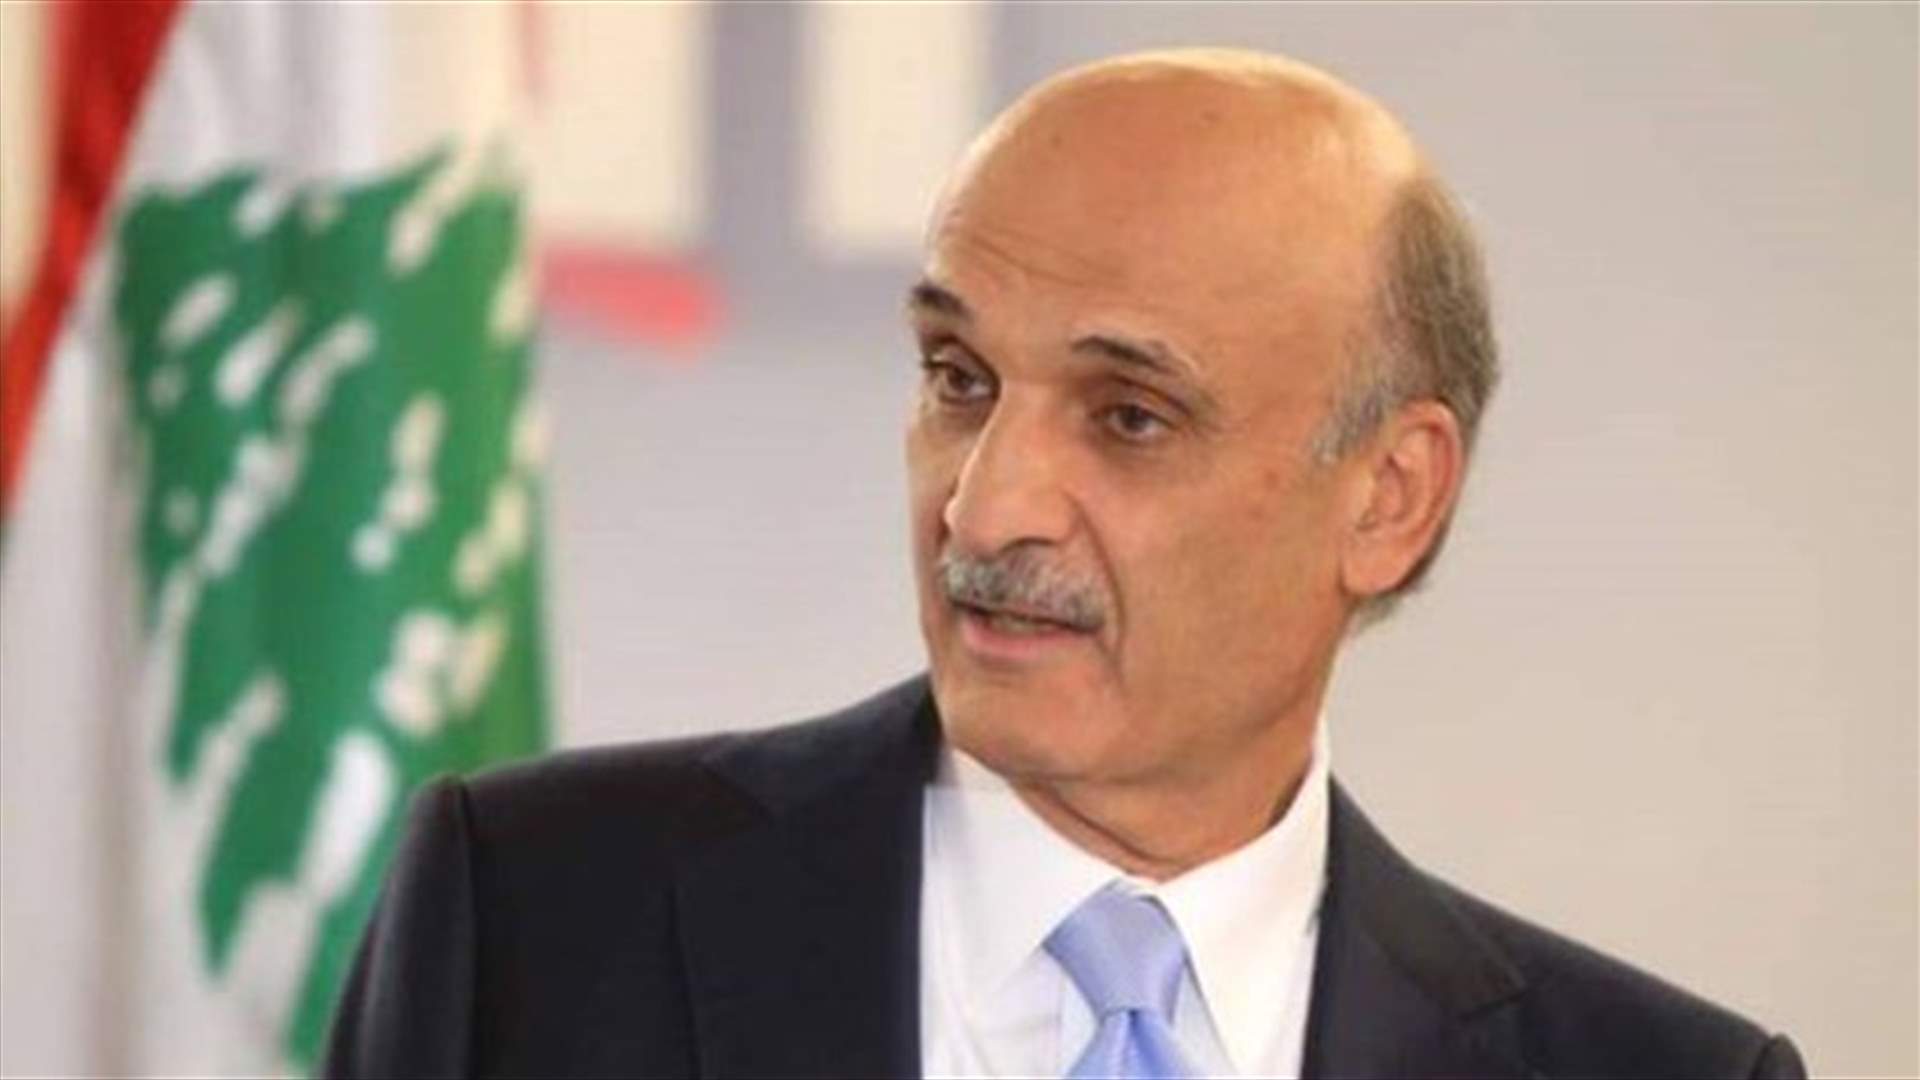 Boosted by Lebanon vote, Geagea eyes Hezbollah and reform
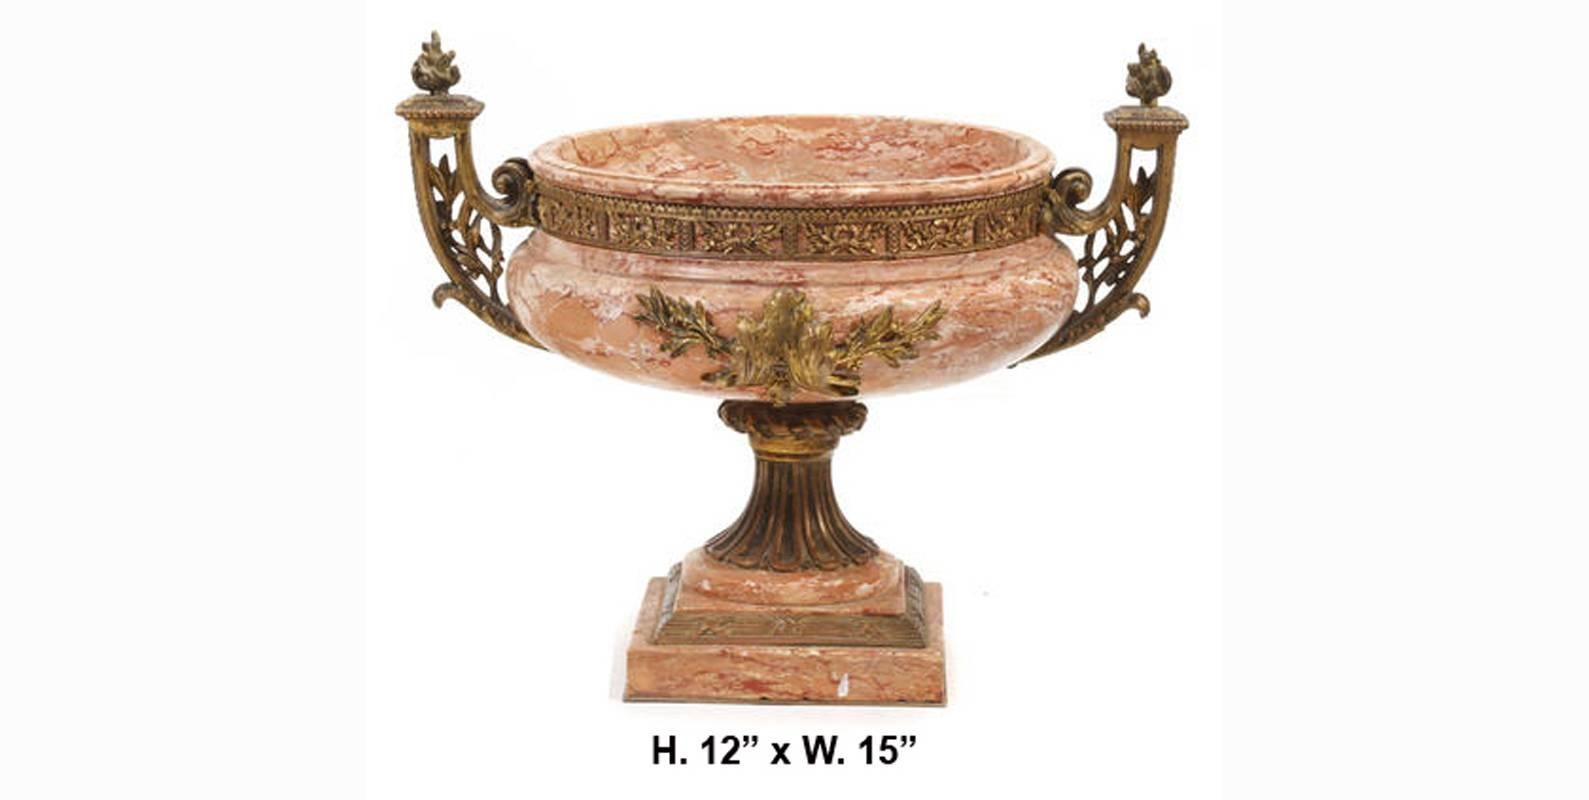 This beautiful, fine 19th century Italian neoclassical style gilt bronze mounted marble urn with intricate handles surmounted with a flame. The proportion is desirable and elegant.
The urn measurements is: Height 12 inches x Width: 15 inches x
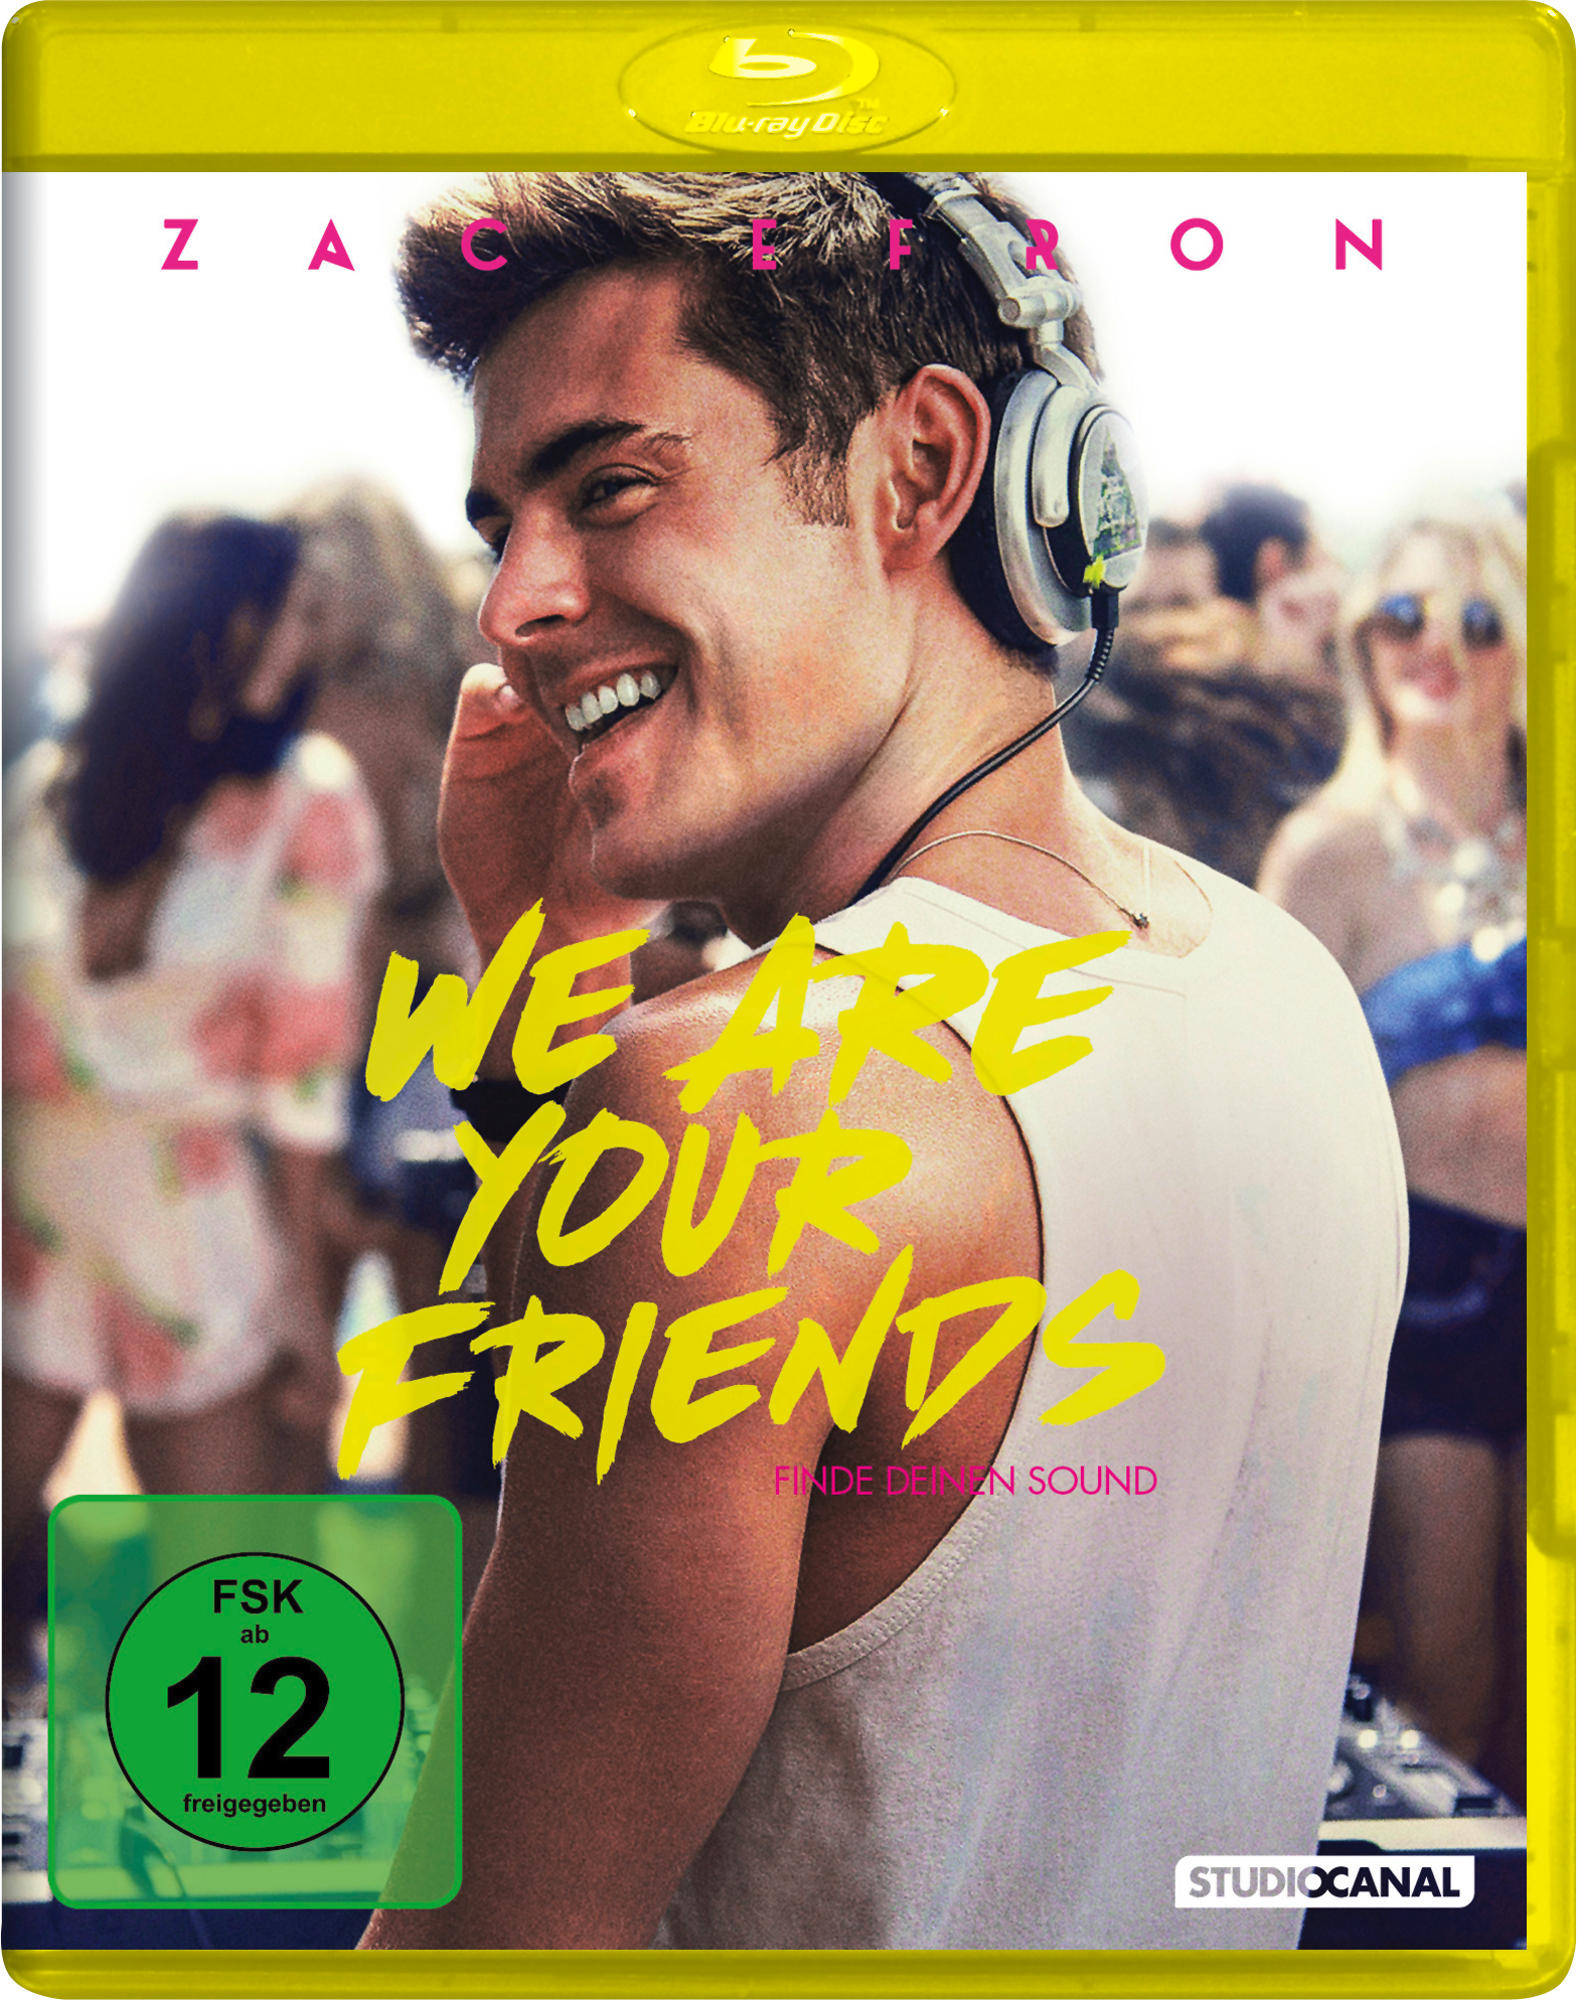 Friends Your Blu-ray We Are

============

**Exercise instructions**
Could you write out the whole listing exactly, dropping the pictures?

**Output for this exercise**
 Boosted by Lebanon vote, Geagea eyes Hezbollah and reform
 This beautiful, fine 19th century Italian neoclassical style gilt bronze mounted marble urn with intricate handles surmounted with a flame. The proportion is desirable and elegant.
The urn measurements is: Height 12 inches x Width: 15 inches x
 Friends Your Blu-ray We Are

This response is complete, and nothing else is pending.